◆ **Directions for this task**: Taking the entries below, transcribe only the lines starting with the one with "STP ENGINE FLUSH 450ML" and going on through the one with "Proton VPN Refund: Get Your Money Back", exactly as written, without the pictures.

------ Given entries

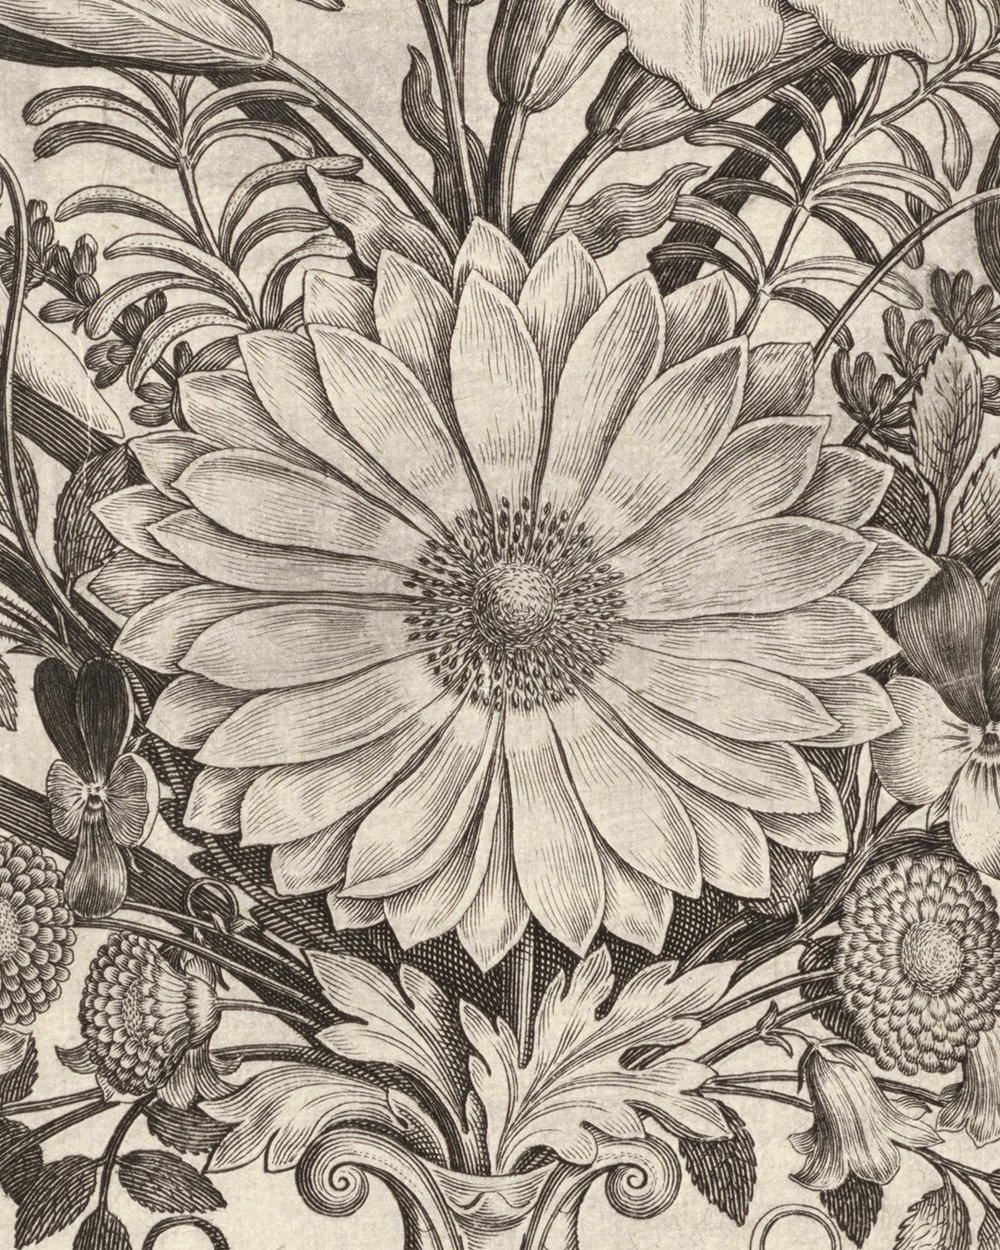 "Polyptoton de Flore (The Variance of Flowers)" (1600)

------------
------ Given entries

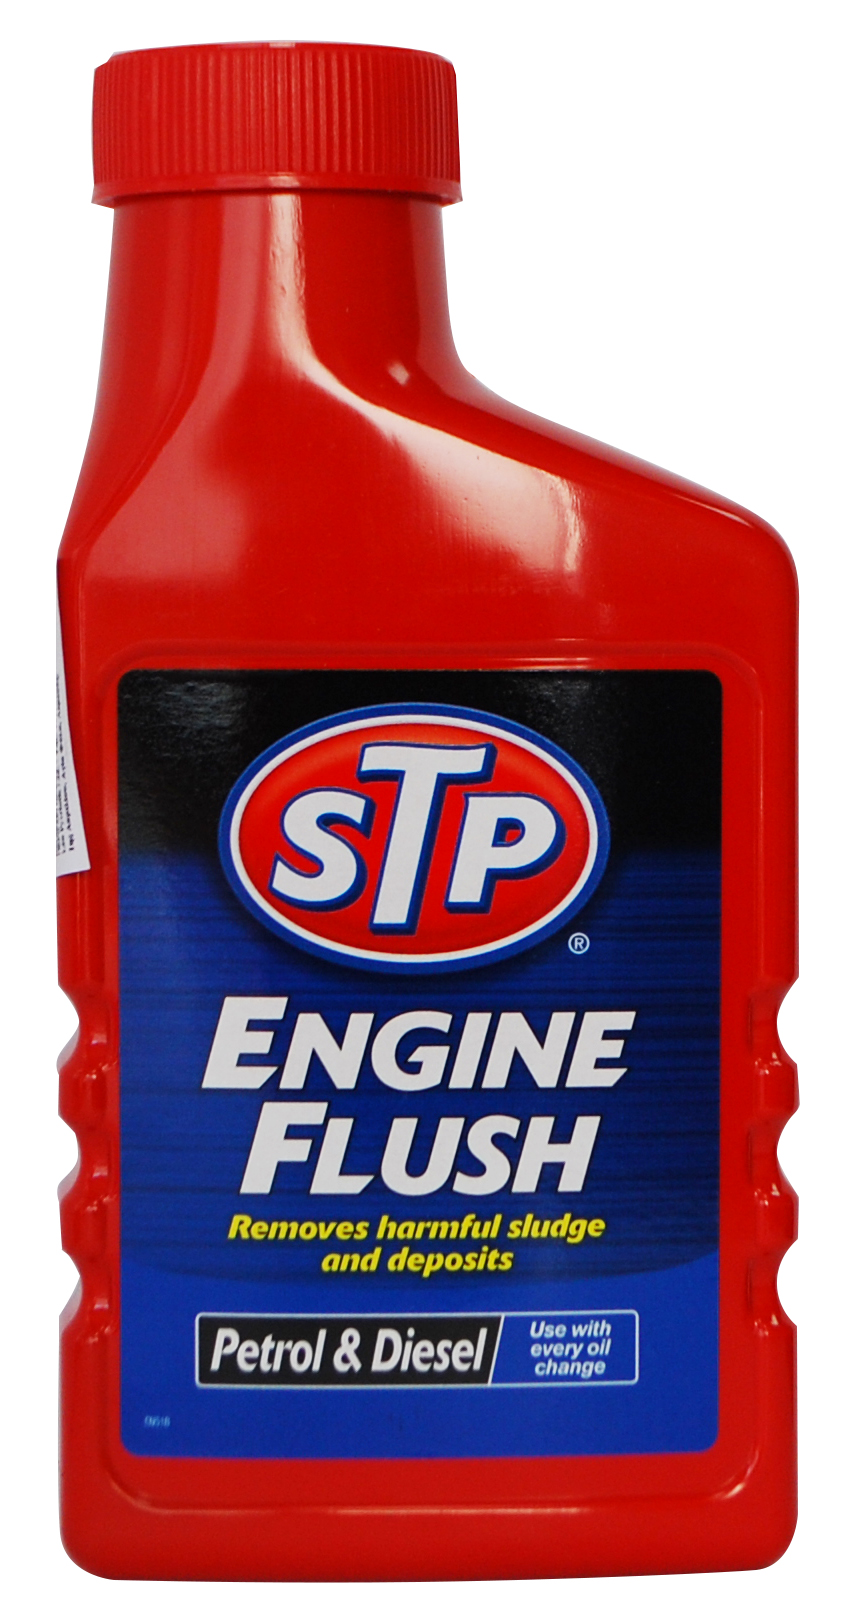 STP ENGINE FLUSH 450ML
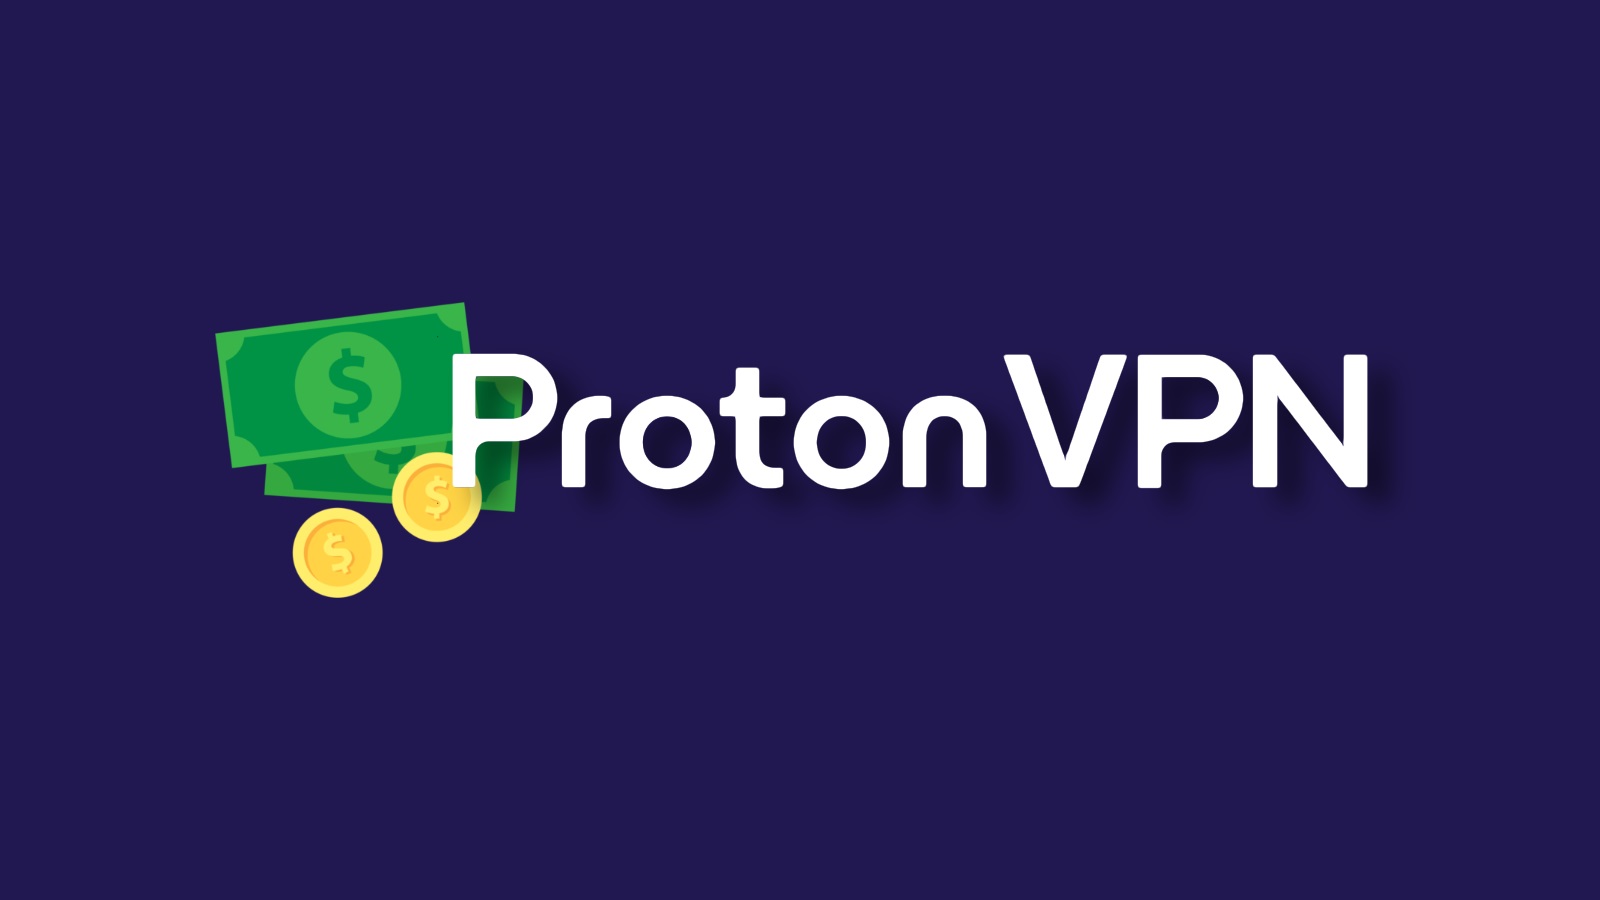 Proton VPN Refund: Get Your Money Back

------------

◆ **Answer to this exercise**:
 STP ENGINE FLUSH 450ML
 Proton VPN Refund: Get Your Money Back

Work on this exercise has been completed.